(EXERCISE GOAL)
Copy everything in the listing below word for word, apart from any images.

(DATA PROVIDED)
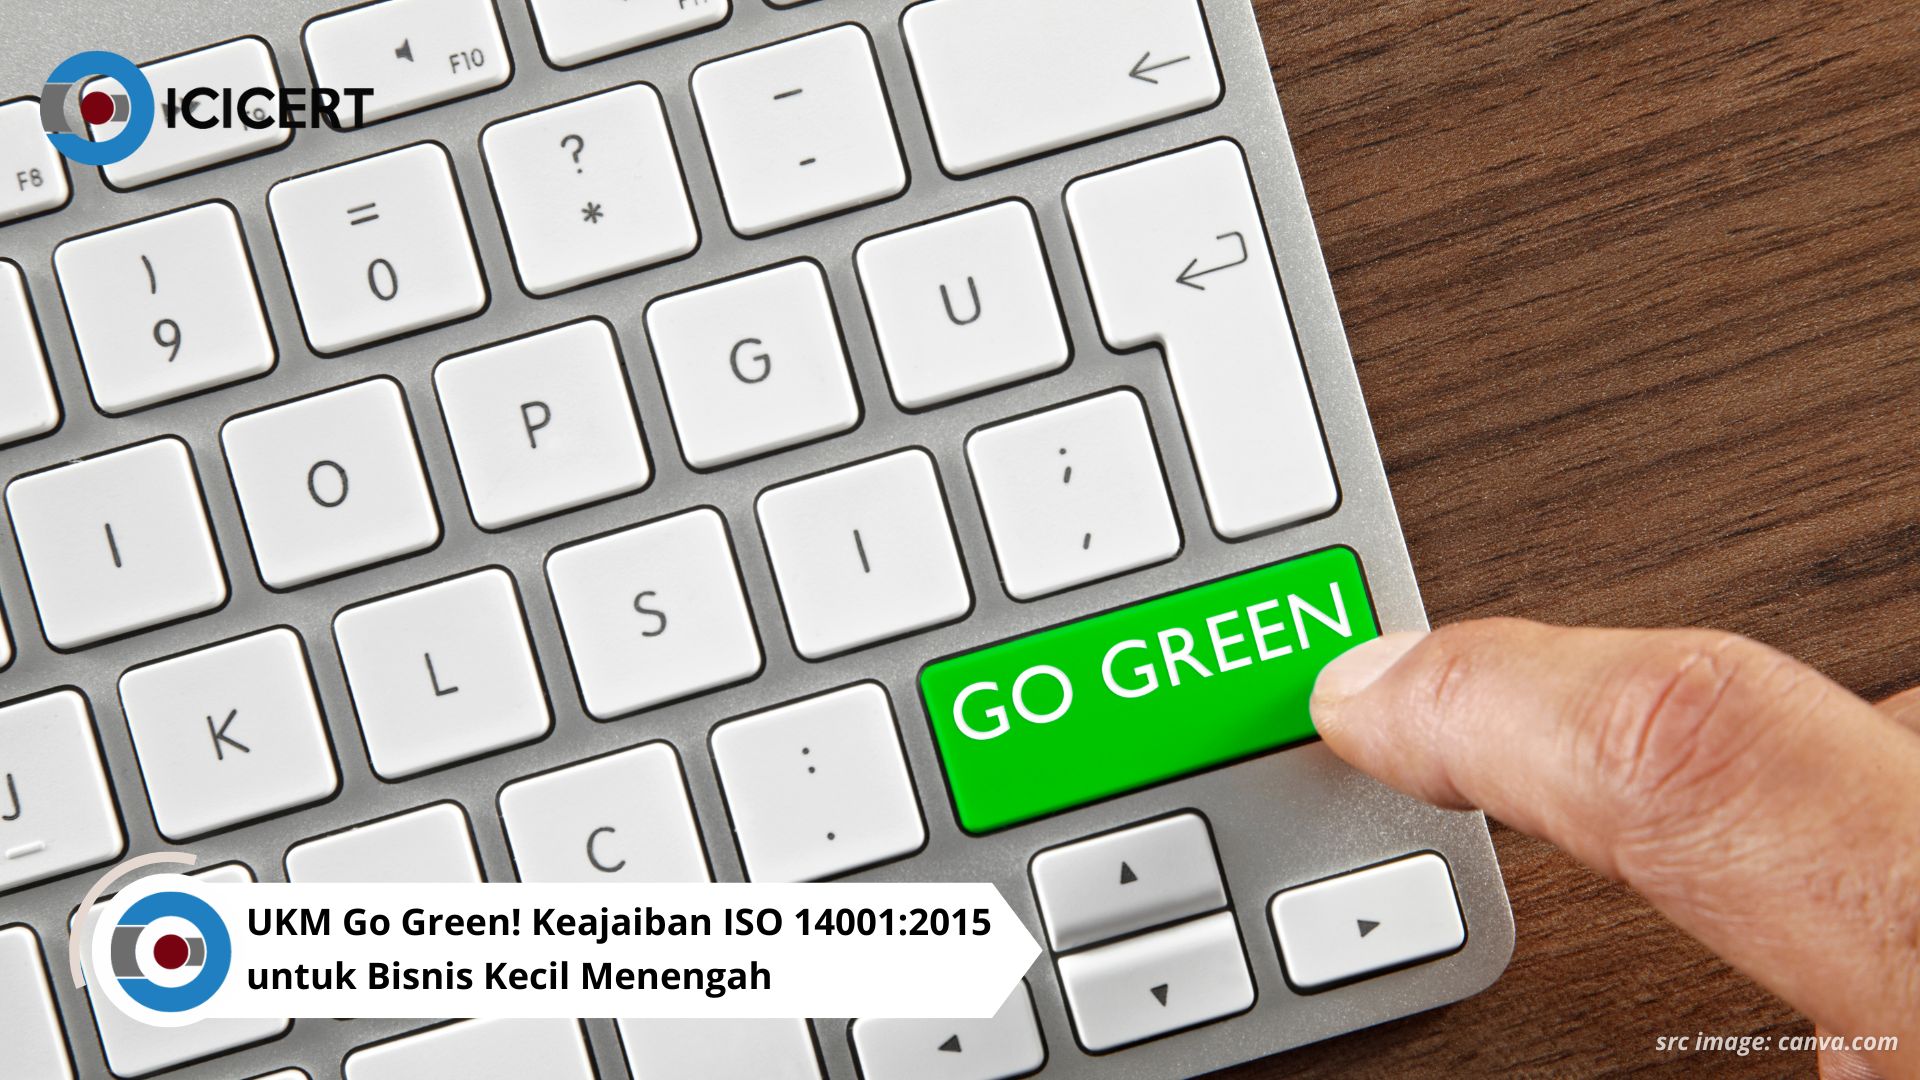 UKM Go Green! Keajaiban ISO 14001:2015 untuk Bisnis Kecil Menengah
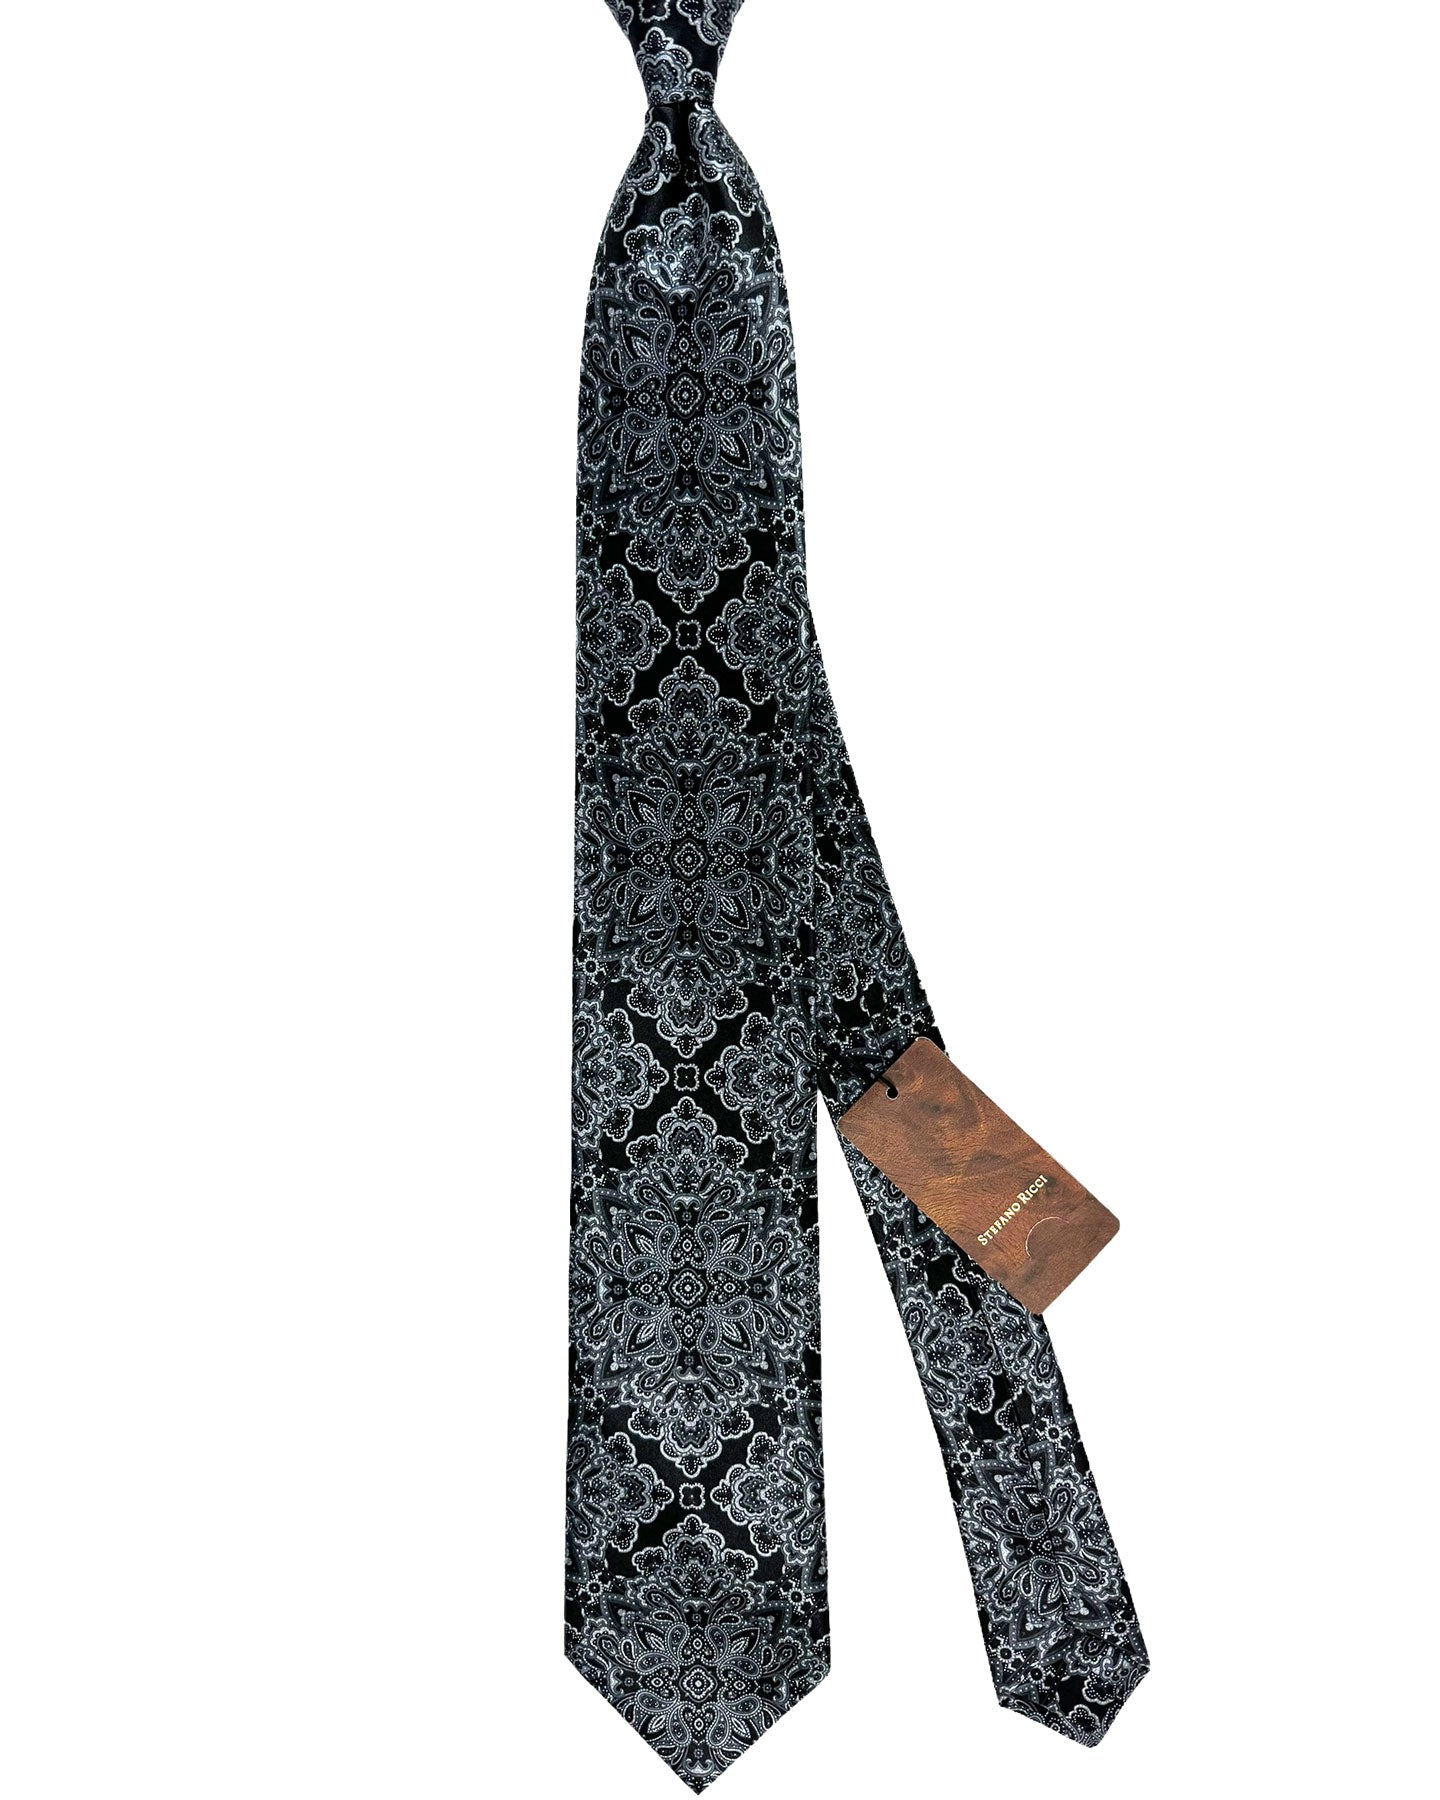 Stefano Ricci Silk Tie Black Gray Ornamental Design
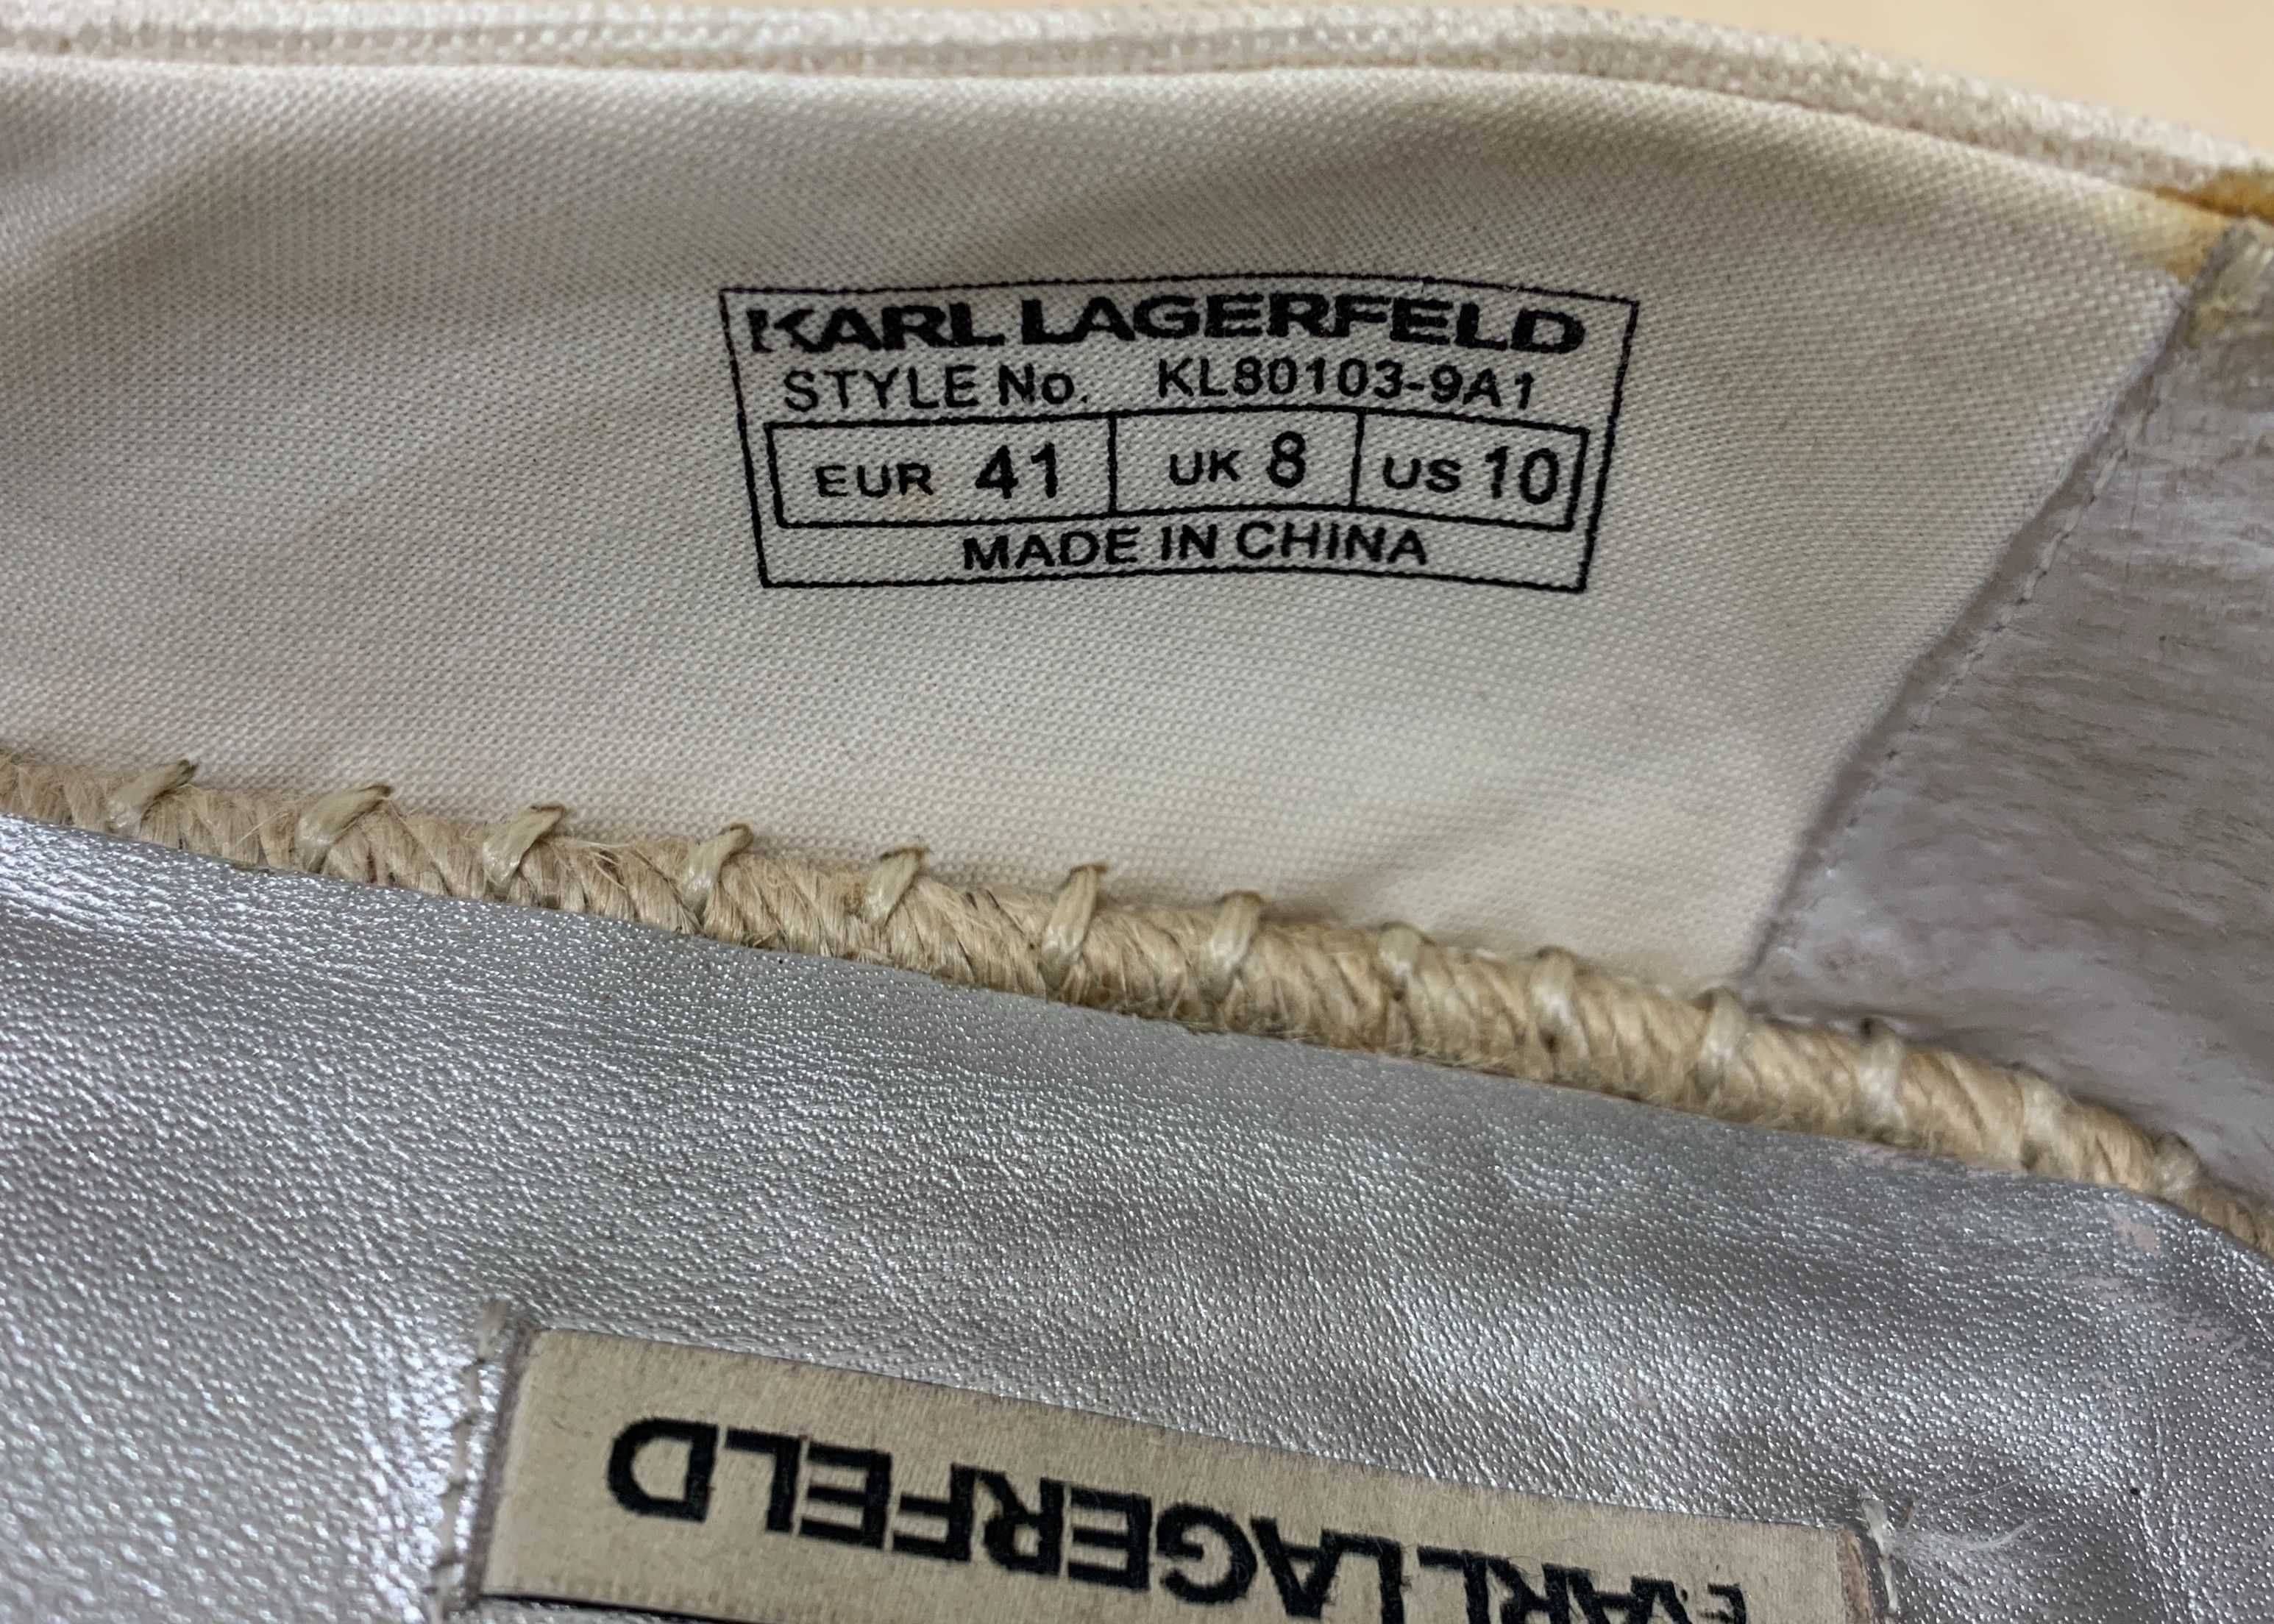 Espadrile Karl Lagerfeld  unisex marimea 41

(REPLY TO THE TASK)
 UKM Go Green! Keajaiban ISO 14001:2015 untuk Bisnis Kecil Menengah
 Stefano Ricci Silk Tie Black Gray Ornamental Design
 Espadrile Karl Lagerfeld  unisex marimea 41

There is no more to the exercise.